Effective peristaltic wave propagation achieved

Autonomous motion demonstrated with minimal deviation

Reduced system complexity compared to electronic counterparts

Abstract

Soft robotic systems have gained widespread attention due to their inherent flexibility, adaptability, and safety, making them well-suited for varied applications. Among bioinspired designs, earthworm locomotion has been extensively studied for its efficient peristaltic motion, enabling movement in confined and unstructured environments. Existing earthworm-inspired robots primarily utilize pneumatic actuation due to its high force-to-weight ratio and ease of implementation. However, these systems often rely on bulky, power-intensive electronic control units, limiting their practicality. In this work, we present an electronics-free, earthworm-inspired pneumatic robot utilizing a modified Pneumatic Logic Gate (PLG) design. By integrating preconfigured PLG units with bellow actuators, we achieved a plug-and-play style modular system capable of peristaltic locomotion without external electronic components. The proposed design reduces system complexity while maintaining efficient actuation. We characterize the bellow actuators under different operating conditions and evaluate the robots locomotion performance.

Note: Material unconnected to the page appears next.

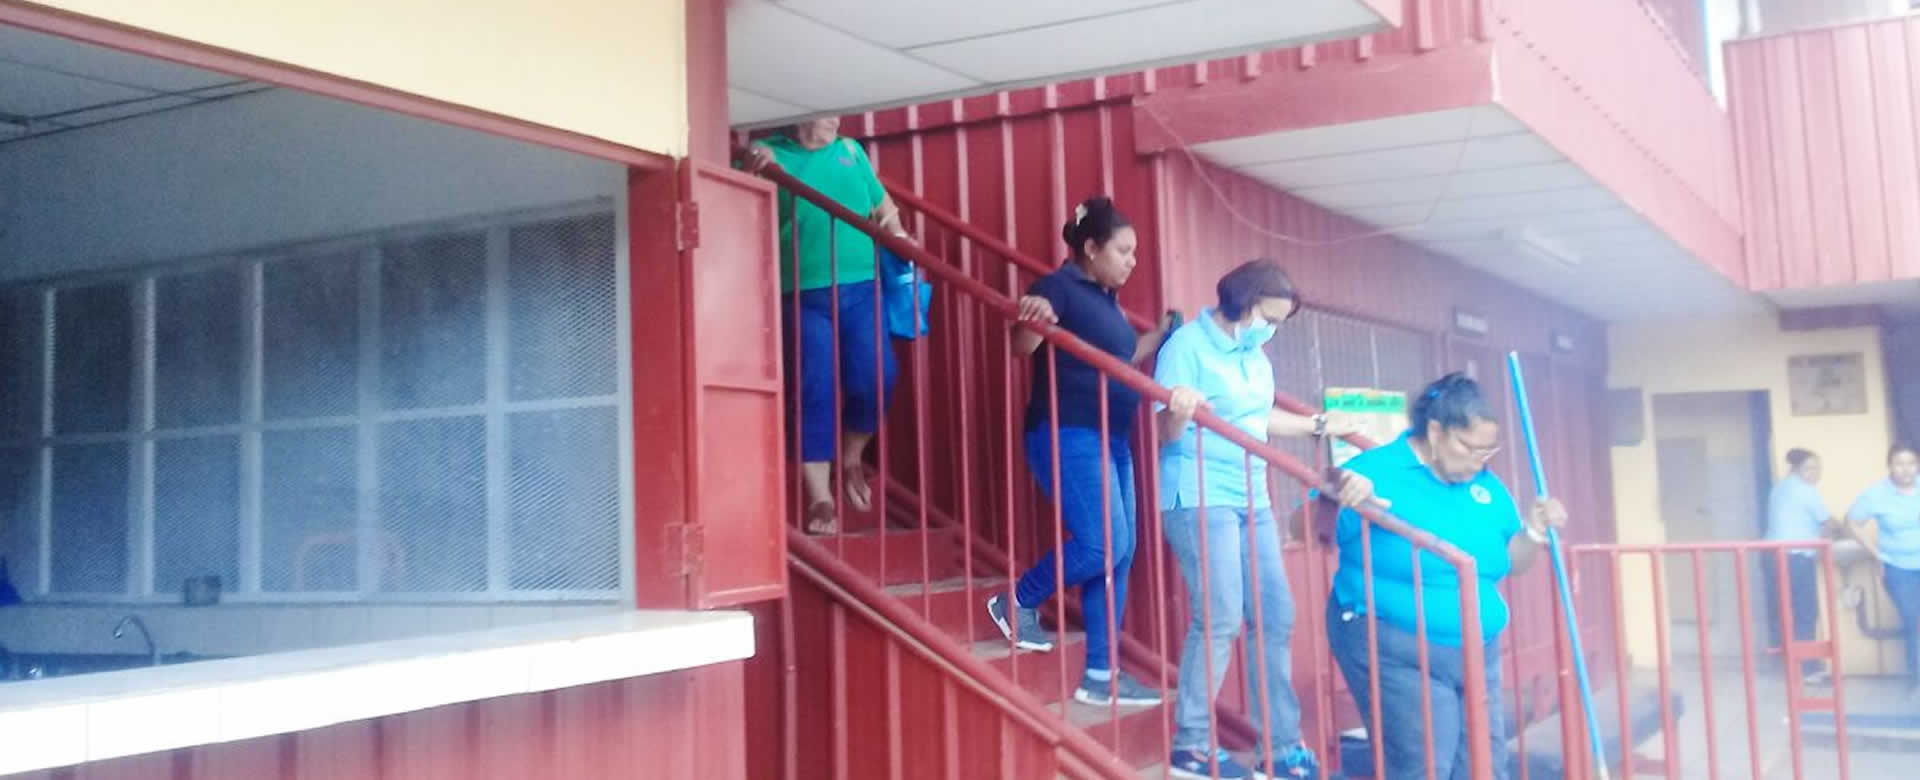 Jornada de fumigación llega al Colegio Padul del Distrito IV de Managua

Our findings demonstrate that the modified PLG-based control system effectively generates peristaltic wave propagation, achieving autonomous motion with minimal deviation. This study serves as a proof of concept for the development of electronics-free, peristaltic soft robots. The proposed system has potential for applications in hazardous environments, where untethered, adaptable locomotion is critical. Future work will focus on further optimizing the robot design and exploring untethered operation using onboard compressed air sources.